Performance Improvements to libc's ftw(3C) and nftw(3C)

The libc functions ftw() and nftw() have been rewritten to operate faster, avoid stack overflow conditions, reduce data space usage, and improve parallelism in multi-threaded applications.

libc and commands which call ftw() and nftw() are affected.

ftw()

ftw() was rewritten to eliminate internal recursion, thus avoiding the possibility of a stack overflow on deep file trees. A single fixed-size data structure is allocated in the stack instead of using malloc() to separate buffers for each depth of the tree. Use of strlen() was eliminated, as well as trivial comparisons such as strcmp(buf,"."). The file descriptor re-use algorithm was changed from most-recently-opened to least-recently-opened which can show significant performance gains on very deep file trees.

ftw() will typically show 8% reductions in elapsed time and 50% or more reduction in heap space used.

nftw()

nftw() was rewritten similarly to ftw() with the same benefits. nftw() now fully conforms with the UNIX95 definition, including the fact that when the FTW_PHYS is not set, files are reported only once.

Threaded applications can obtain greater concurrency when specifying absolute path names for the starting path, and FTW_CHDIR is not set. In addition, an internal unbalanced binary tree was replaced with a much more efficient splay tree.

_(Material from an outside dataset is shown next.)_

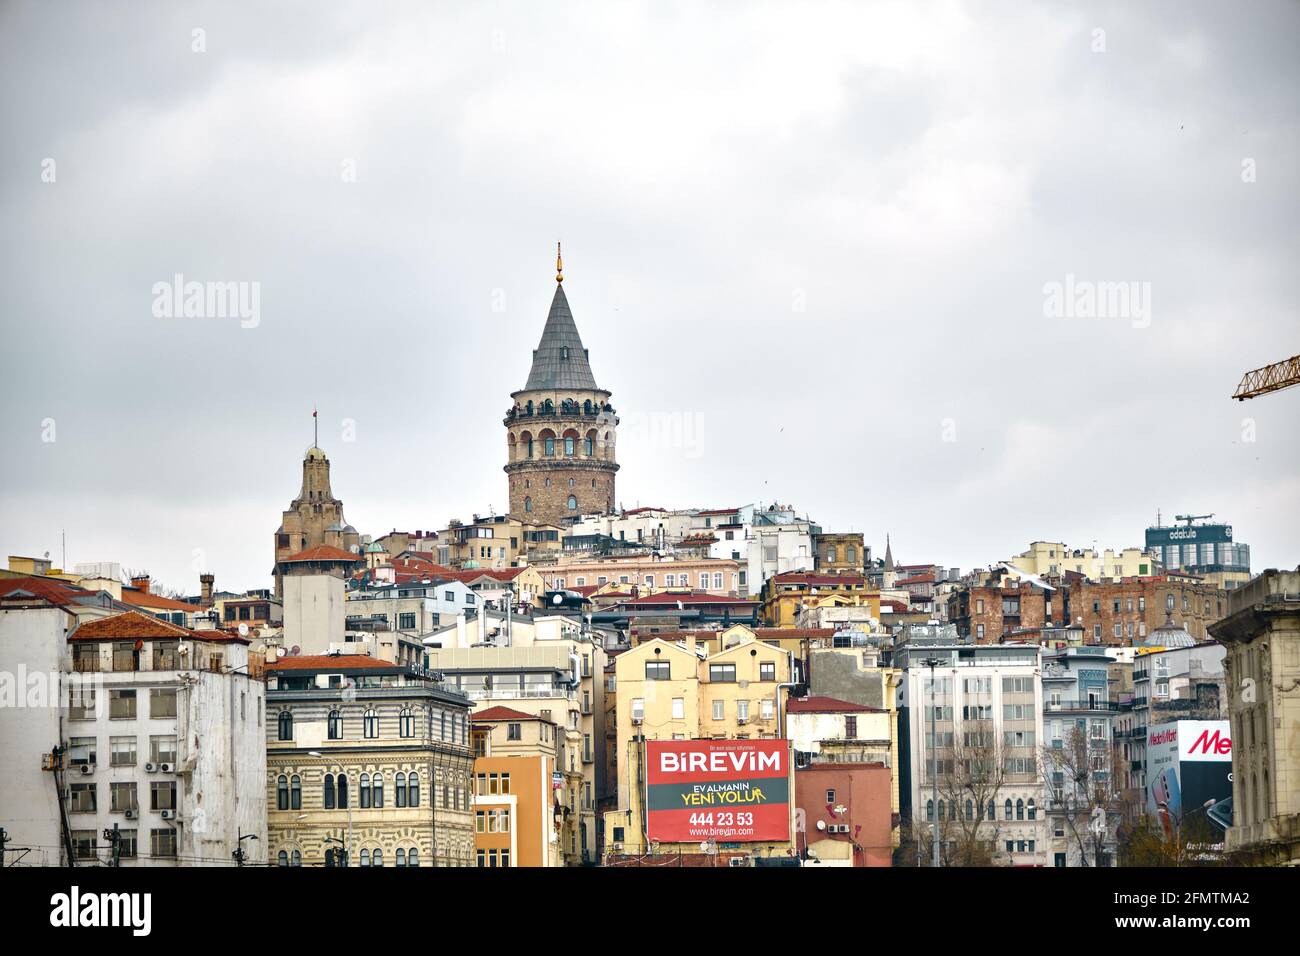 Der berühmte galata-Turm von istanbul wurde von istanbul bosporus fotografiert. Er wurde von genuesischen Matrosen für die Beobachtung des bosporus von konstantinopel errichtet. Stockfoto
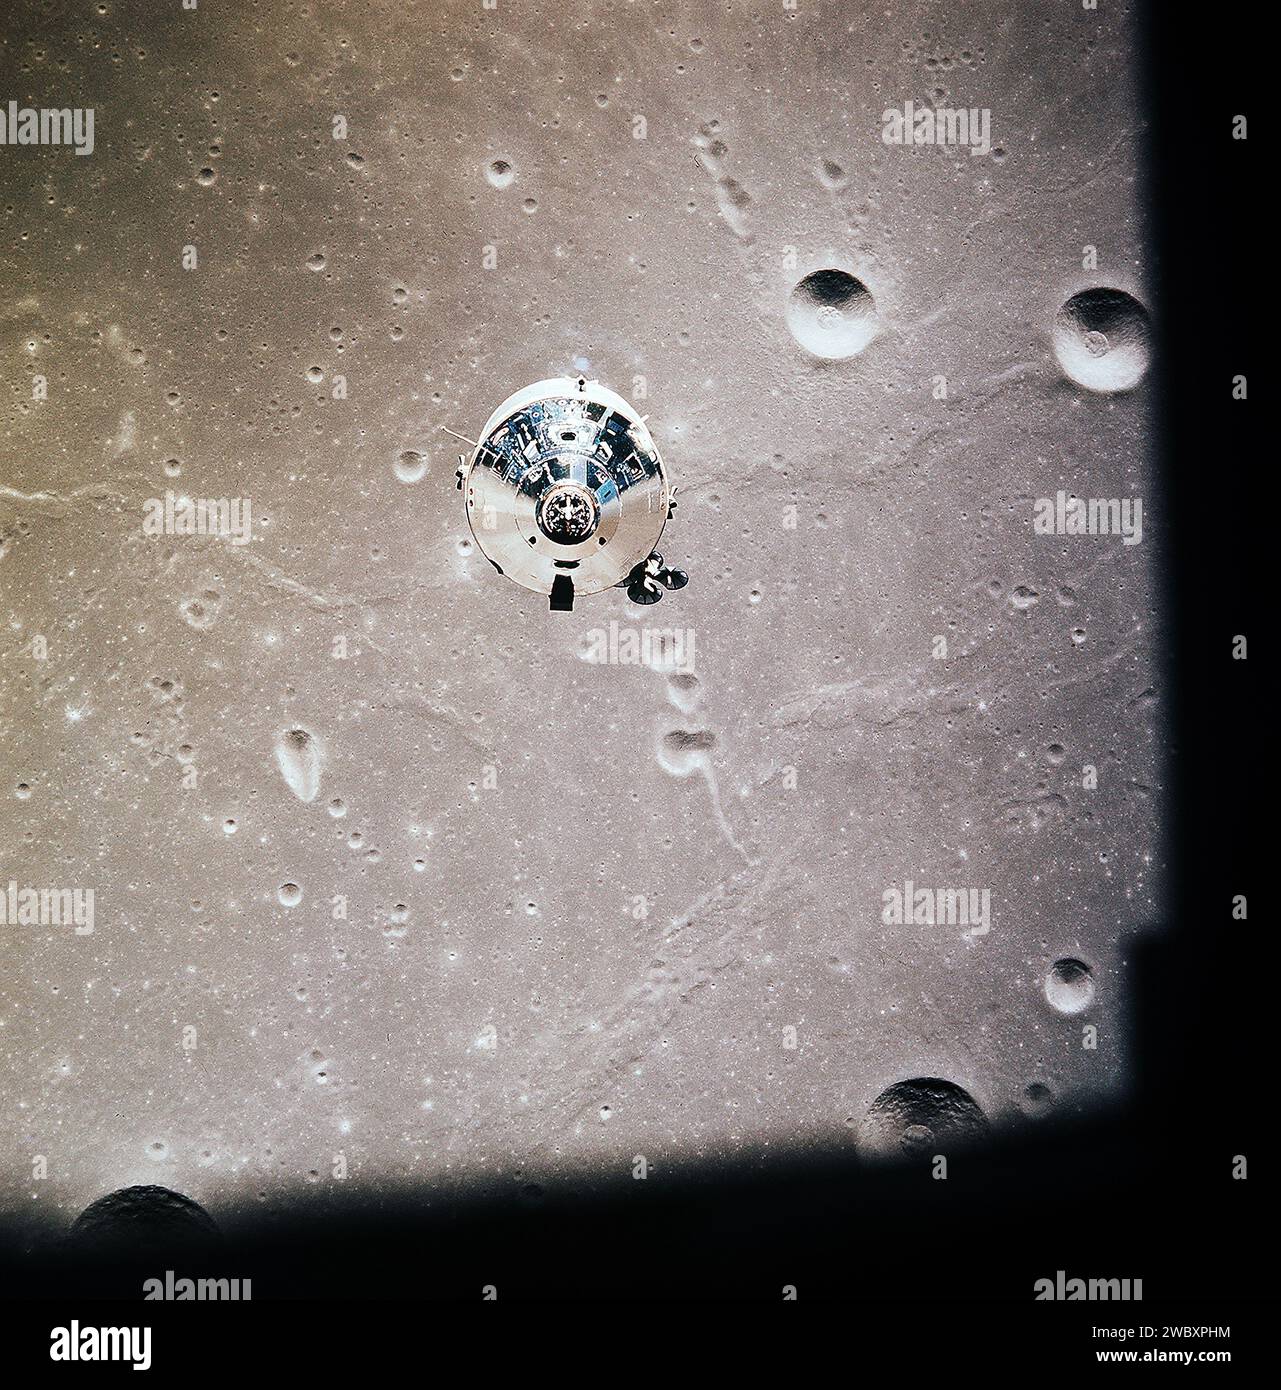 Die Apollo 11 Command and Service Module fotografiert vom Mondmodul im Mondumlauf während der Mondlandungsmission Apollo 11. Die Mondoberfläche darunter befindet sich im nordzentralen Sea of Fertility, Johnson Space Center, NASA, 20. Juli 1969 Stockfoto

The effect of this tree change becomes significant as the number of object inodes being tracked increases. Directory inodes are always tracked, and when executing in UNIX95 mode and the FTW_PHYS option is not set, all files and directories are tracked. When the number of tracked objects reaches about 20,000, the user CPU time with the splay tree is about half the user CPU time for the old nftw(). At 100,000 tracked inodes, the user CPU time is about 90% less for the splay tree.

Another performance improvement to nftw() eliminated calls to access() by checking the mode bits in the stat() buffer. This decreased system CPU time by approximately 4%.

Two defects were fixed in nftw():

  • When the FTW_CHDIR option is set, directories are considered unreadable unless they have both read and execute permissions. (The old nftw() would try to chdir() into a directory without execute permissions and then abort the walk with an error).

  • When the FTW_CHDIR option is set, a directory object is reported to the user function before it is chdir()'ed into.

nftw() improvements vary depending on options provided, with the most significant improvements seen in UNIX95 standard mode with the FTW_PHYS option not set, or when a very large number of directories exist in the file tree being traversed.

Documentation Change

The ftw(3C) and nftw(3C) manpages have been updated, particularly with respect to the two defect fixes and means of achieving best concurrency in threaded applications.

Other Issues

The code size of ftw() and nftw() has increased by about 40%, but the heap requirements are reduced by 50% or more.

If you relied on the FTW_CHDIR defects which were mentioned above, there may need to be an application change.

Performance Issues

Minimally, you should find that ftw() operates about 6% faster and nftw() 4% faster. On very large file trees where the number of tracked inodes is in the tens of thousands or more, the performance gain of nftw() could be 30% to 40% or more.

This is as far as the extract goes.